Sometimes I see recipes on Facebook Reels or TikTok that look pretty good, but I hardly ever try them. I’ve been trying to eat more veggies, though. So when I saw this Mango Chopped Salad with Cilantro Lime Avocado Dressing and realized I had everything on hand to make it, I had to give it a try. Turns out for how healthy it is, it’s actually really great. Ha! I think it would be amazing paired with some Baked Teriyaki Salmon or some good ol’ grilled chicken breasts.
This salad really makes me feel like I’m eating the rainbow. I love that it has red cabbage and cashews in it. The cashews give it such a nice crunch. The salad stays good in the fridge for at least 4 days because it uses nice dense veggies. Chopping up some rotisserie chicken and tossing it together would make a great and simple summer lunch!
More Summertime Favorites
- Spaghetti Pasta Salad
- Best Ever Baked Beans
- The Best Fruit Pizza
- Grilled Teriyaki Chicken Kabobs
- Kool-Aid Shaved Ice and Snow Cone Syrup
- Famous Sanpete County Barbecue Turkey and Chicken Marinade
Step-by-Step Photos for How to Make Mango Chopped Salad with Cilantro Lime Avocado Dressing

Tips for making Mango Chopped Salad with Cilantro Lime Avocado Dressing
- For the best flavor use a ripe mango and avocado.
- Use a vegetable chopper to cut up the veggies.
- Cut the mango into small pieces (see step-by-step photos above) so that with each bite you have a balance of flavors.
- Heat the lime in the microwave on high for 15 seconds to get the most juice. Heating softens the rind and breaks the juice capsules inside, making it easier to squeeze the juice out.
- Add leftover grilled or rotisserie chicken to make it a simple lunch or light dinner.
- If you don’t have cashews on hand, you could substitute them with chopped or slivered almonds.
Chef’s Tools:
Mango Chopped Salad with Cilantro Lime Avocado Dressing
Prep time
Total time
Crunchy and full of delicious veggies. This healthy Mango Chopped Salad with Cilantro Lime Avocado dressing will surprise you!
Author: Saw it on Facebook Reels...forgot to notice who it was from...
Recipe type: Healthy/Vegetable/Salad/Side Dish
Serves: 8 cups
Ingredients
- 1 large mango, diced small (reserve about ¼ of it for the sauce)

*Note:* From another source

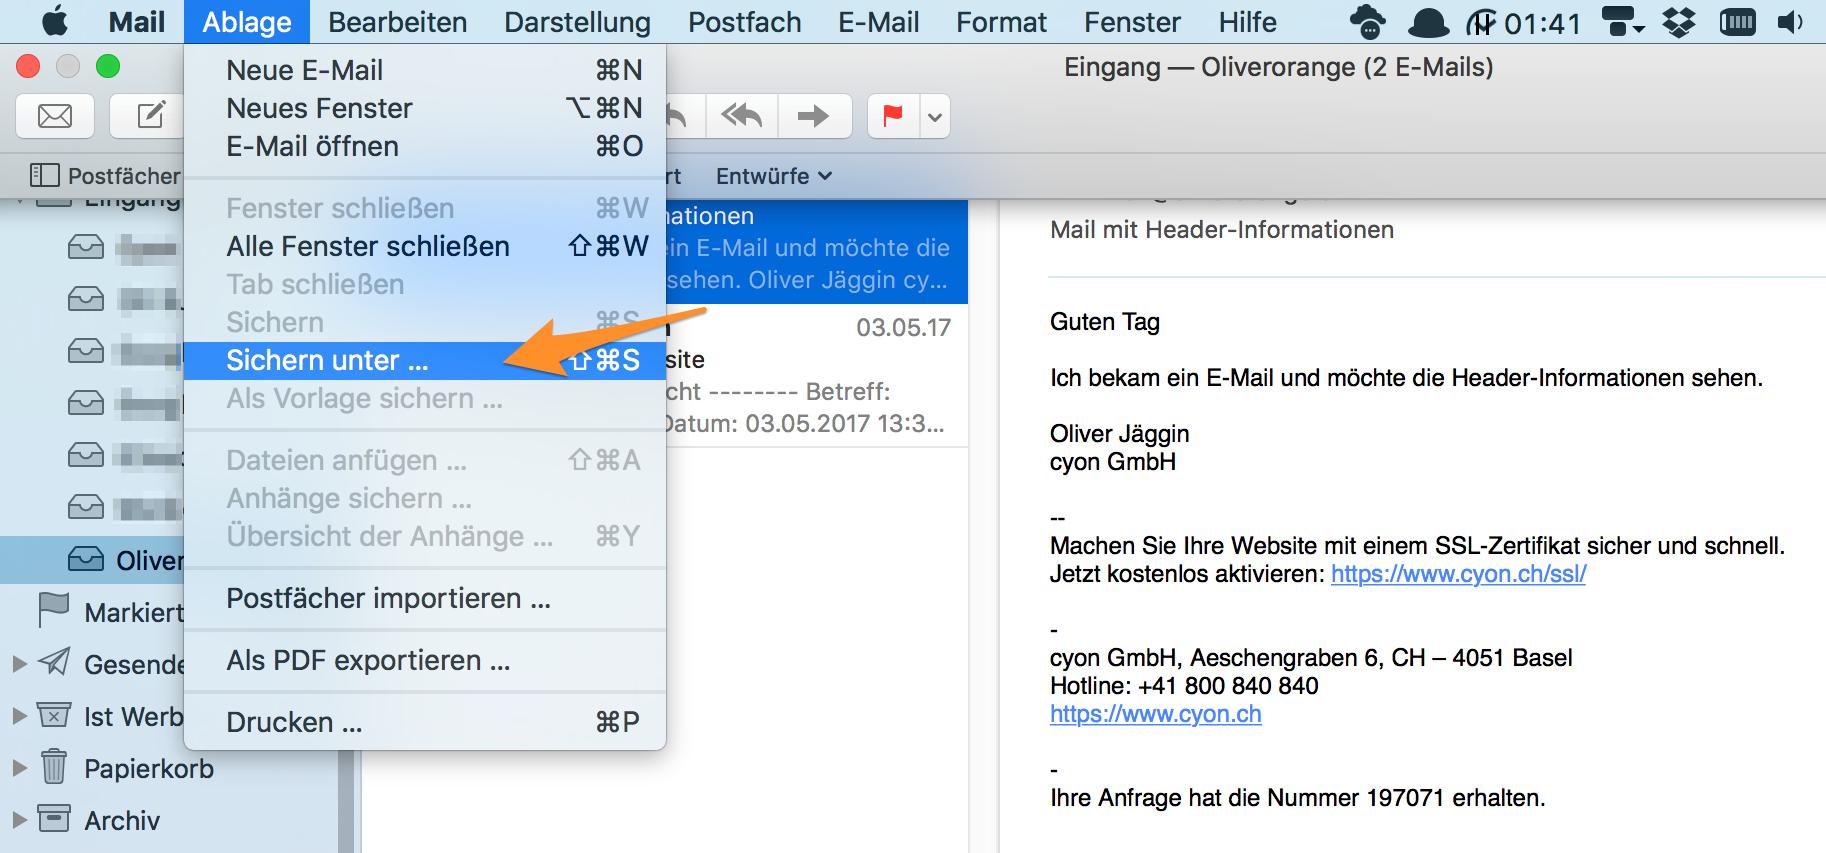 «Sichern unter ...» im Apple-Mail.

- 4 cups chopped red cabbage
- 1½ cups cucumber, diced small
- 2 green onions, thinly sliced (white and green parts)
- 1 cup cashews, chopped
- DRESSING: (It's more like a thick sauce.)
- ⅓ cup mango pieces
- 1 avocado, pitted and peeled
- ½ cup cilantro leaves
- 2-3 tbsp olive oil
- Juice of one lime
- salt and pepper to taste (I started with ¼ tsp salt and a few dashes of pepper.)
Instructions
- In a large bowl combine the diced mango, chopped cabbage, diced cucumber, sliced green onions, and chopped cashews.
- Combine the ⅓ cup mango pieces, avocado, cilantro leaves, olive oil, lime juice, salt, and pepper in a blender or food processor. Blend until smooth.
- Pour sauce over the chopped ingredients and toss together until everything is lightly covered in sauce.
- Enjoy!
- Store leftovers in the fridge for up to 4 days.